#### RECORDS FOR THIS EXERCISE:
============
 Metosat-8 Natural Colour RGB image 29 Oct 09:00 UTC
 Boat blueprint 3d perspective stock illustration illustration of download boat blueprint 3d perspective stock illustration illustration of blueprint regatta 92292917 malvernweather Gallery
============
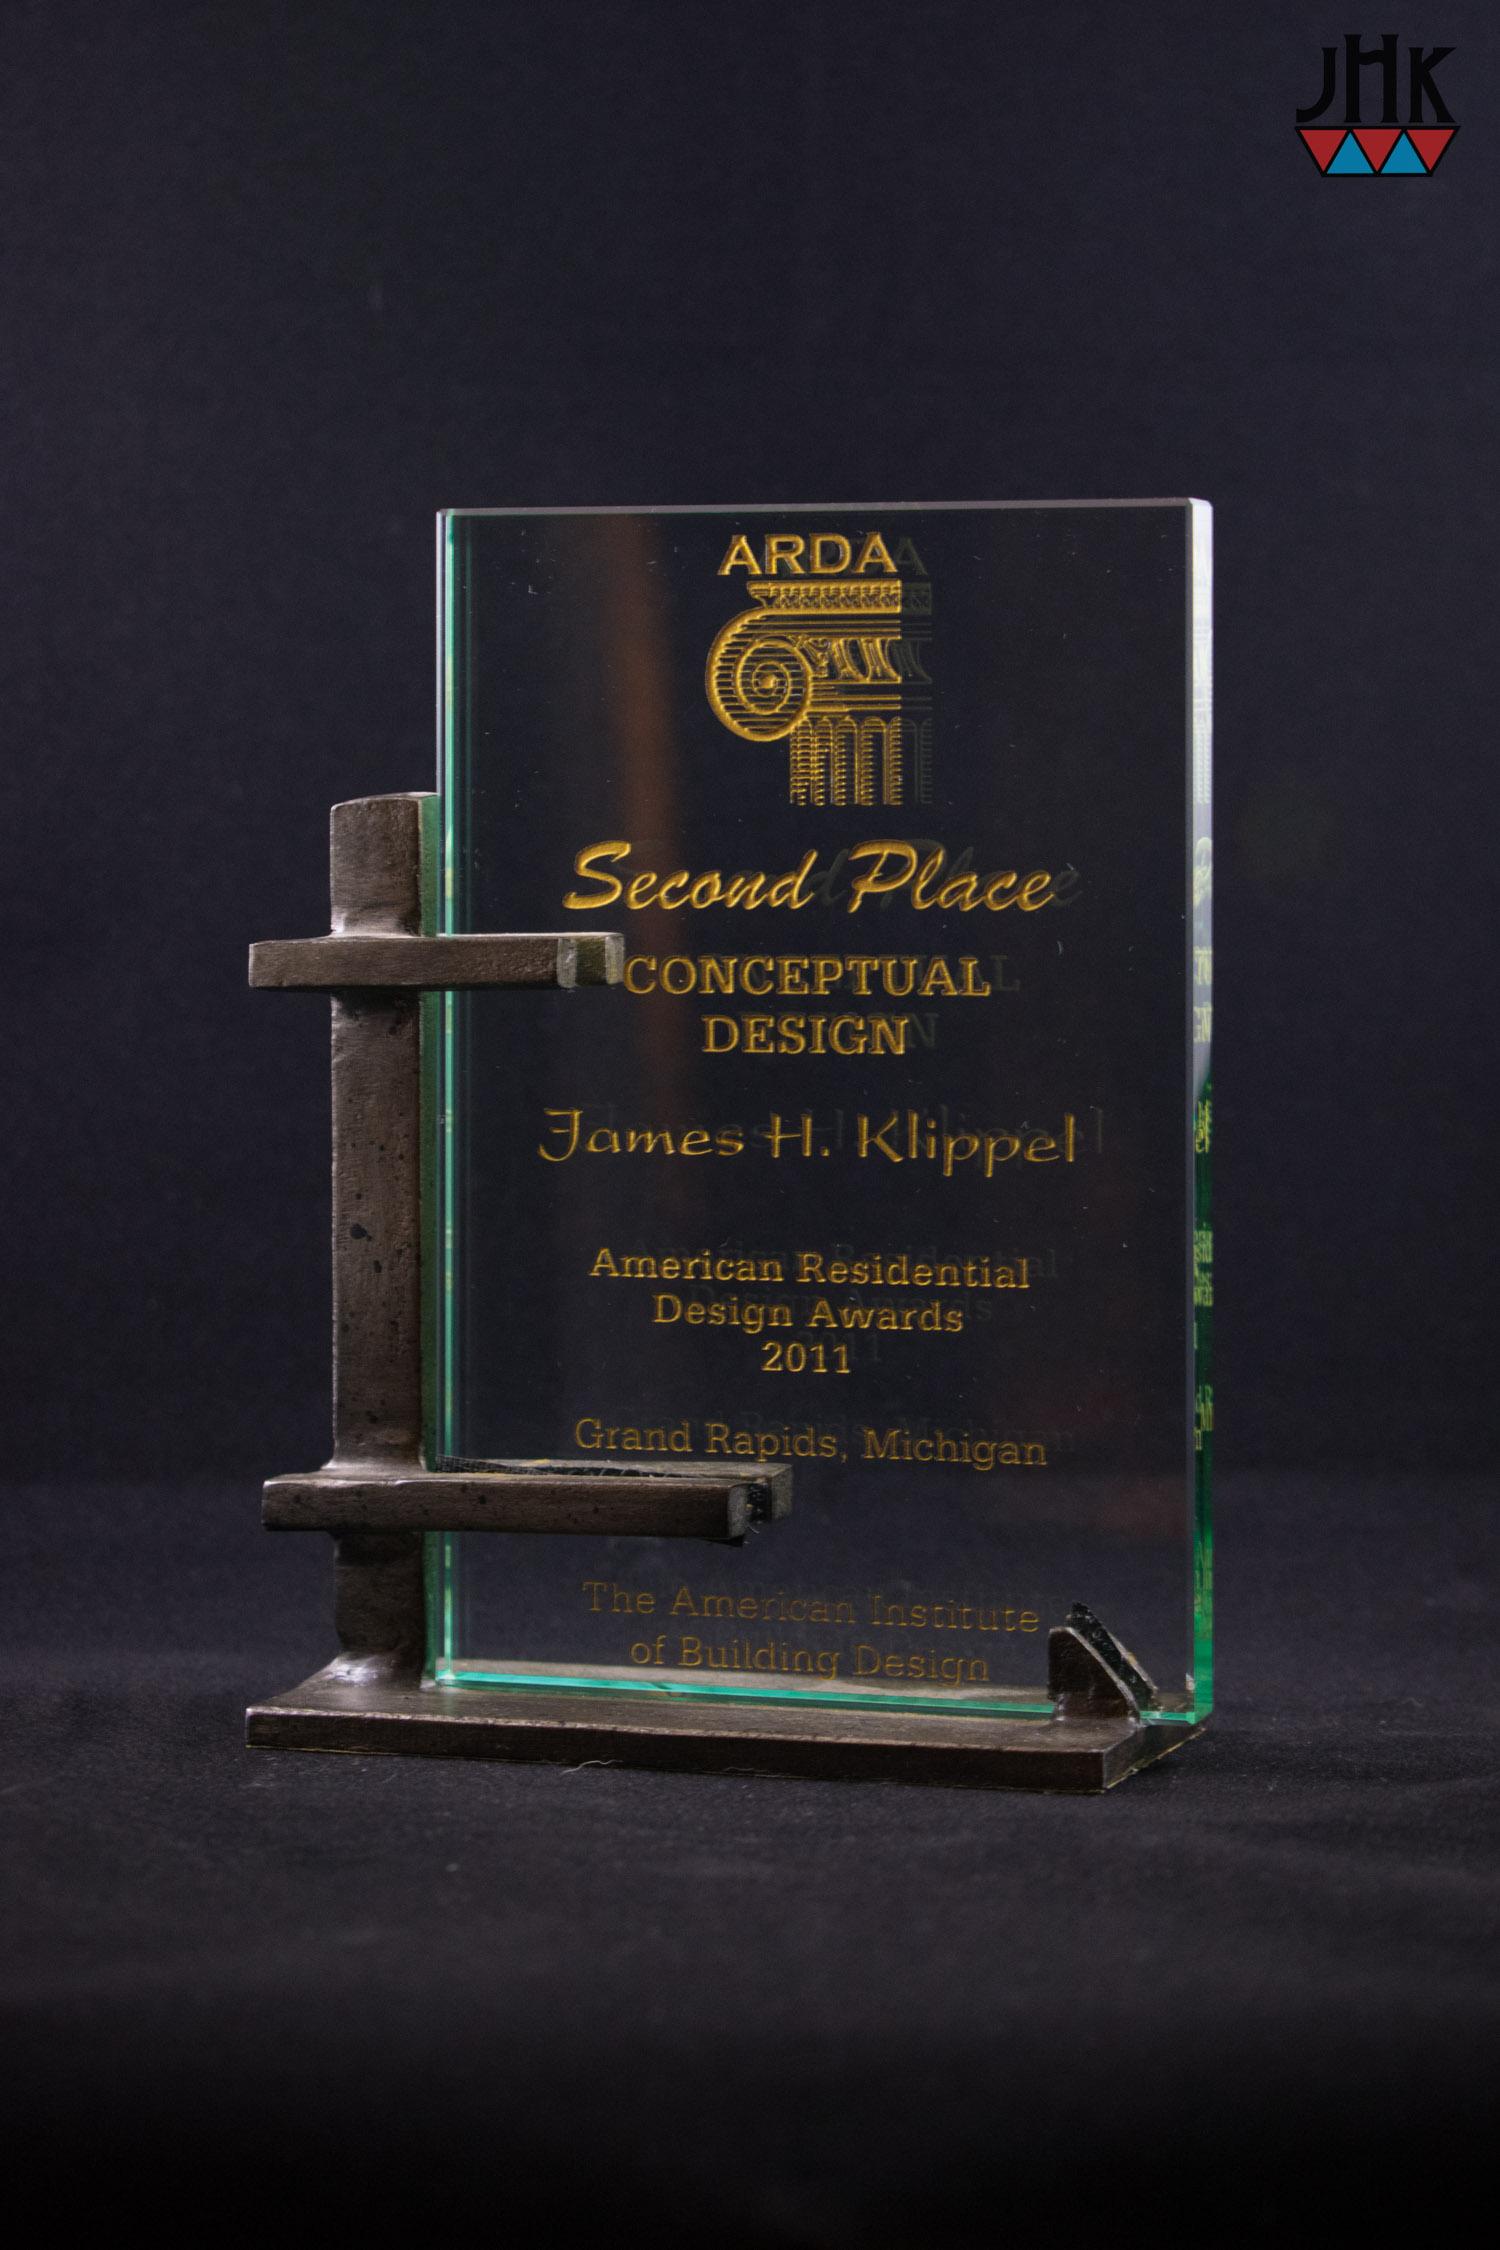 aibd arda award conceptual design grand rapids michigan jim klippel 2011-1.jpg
============
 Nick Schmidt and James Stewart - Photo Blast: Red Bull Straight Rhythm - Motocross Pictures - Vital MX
============
#### WHAT YOU ARE ASKED TO DO:
Copy back the listing above exactly, but only from the line with "Metosat-8 Natural Colour" through the line with "92292917 malvernweather Gallery", both ends included.

#### RESULT OF THIS EXERCISE:
 Metosat-8 Natural Colour RGB image 29 Oct 09:00 UTC
 Boat blueprint 3d perspective stock illustration illustration of download boat blueprint 3d perspective stock illustration illustration of blueprint regatta 92292917 malvernweather Gallery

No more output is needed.